When you reach the line in the listing below that contains "ekocuda zakupy - kosmetyki naturalne", begin returning lines exactly as written, and stop after the line that contains "La porte Saint-Denis". Return no other lines.

- _DATA_:
:::::

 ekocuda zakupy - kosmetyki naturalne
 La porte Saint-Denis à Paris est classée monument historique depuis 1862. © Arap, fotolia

:::::

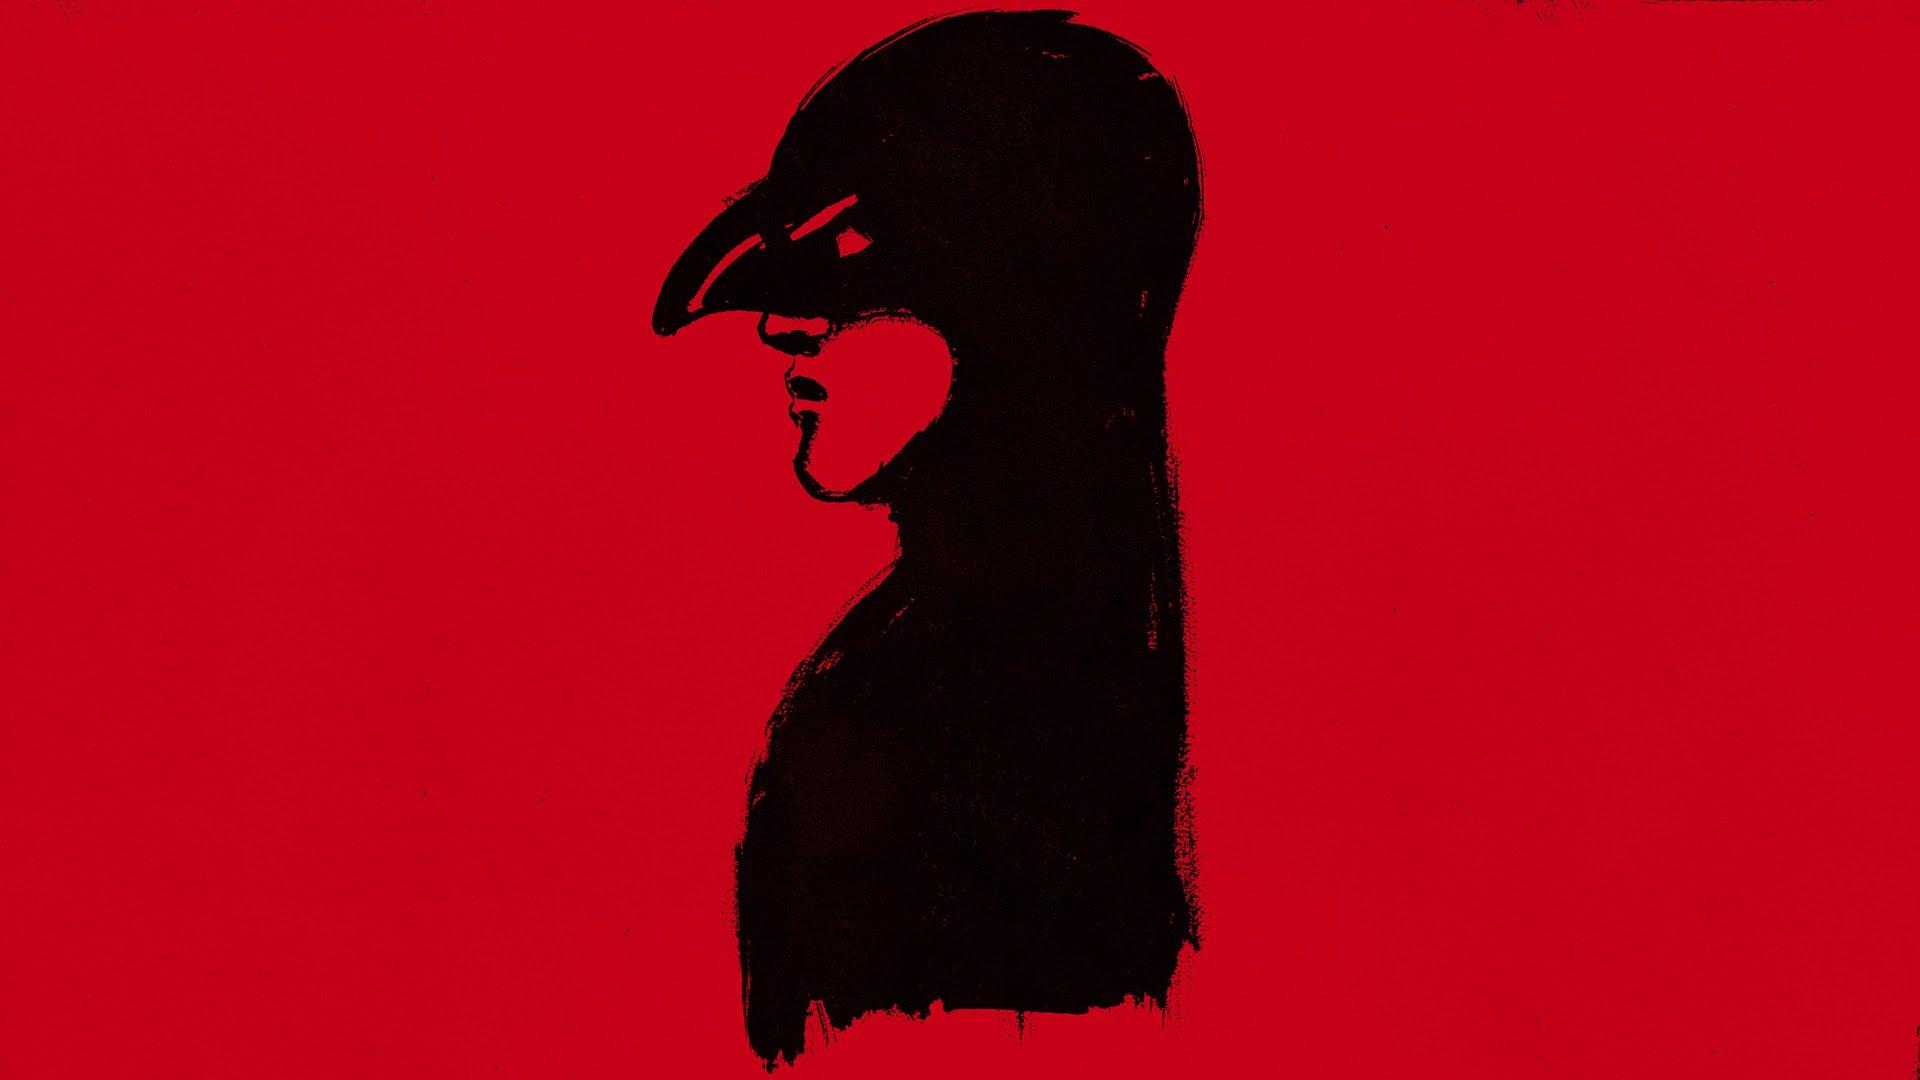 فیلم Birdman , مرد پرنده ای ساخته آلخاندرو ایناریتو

:::::

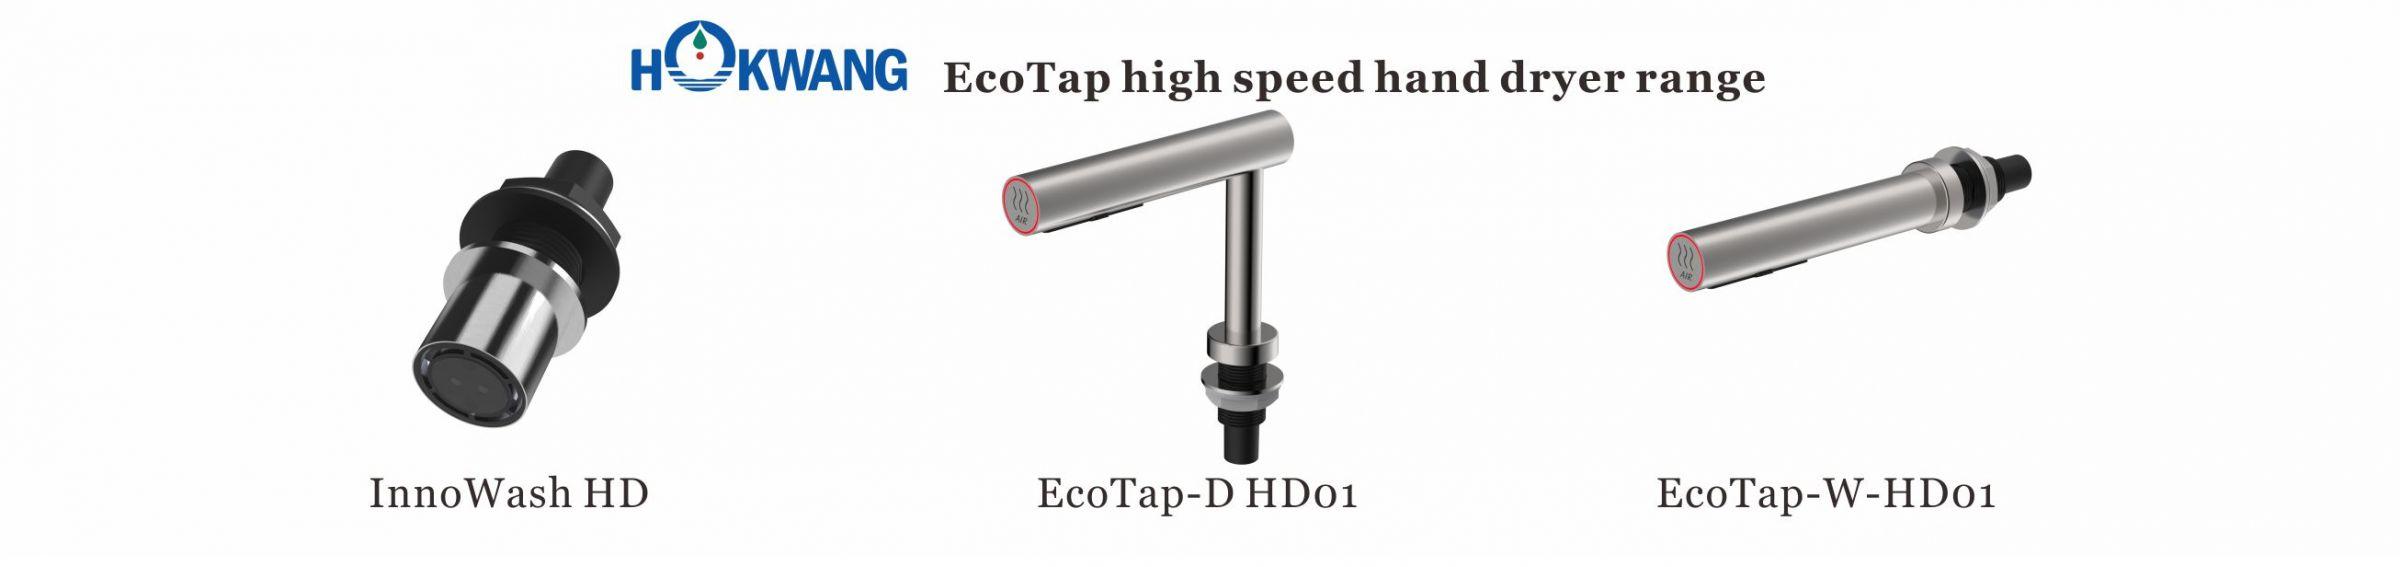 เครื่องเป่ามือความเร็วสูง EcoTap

:::::

- _YOUR SOLUTION_:
 ekocuda zakupy - kosmetyki naturalne
 La porte Saint-Denis à Paris est classée monument historique depuis 1862. © Arap, fotolia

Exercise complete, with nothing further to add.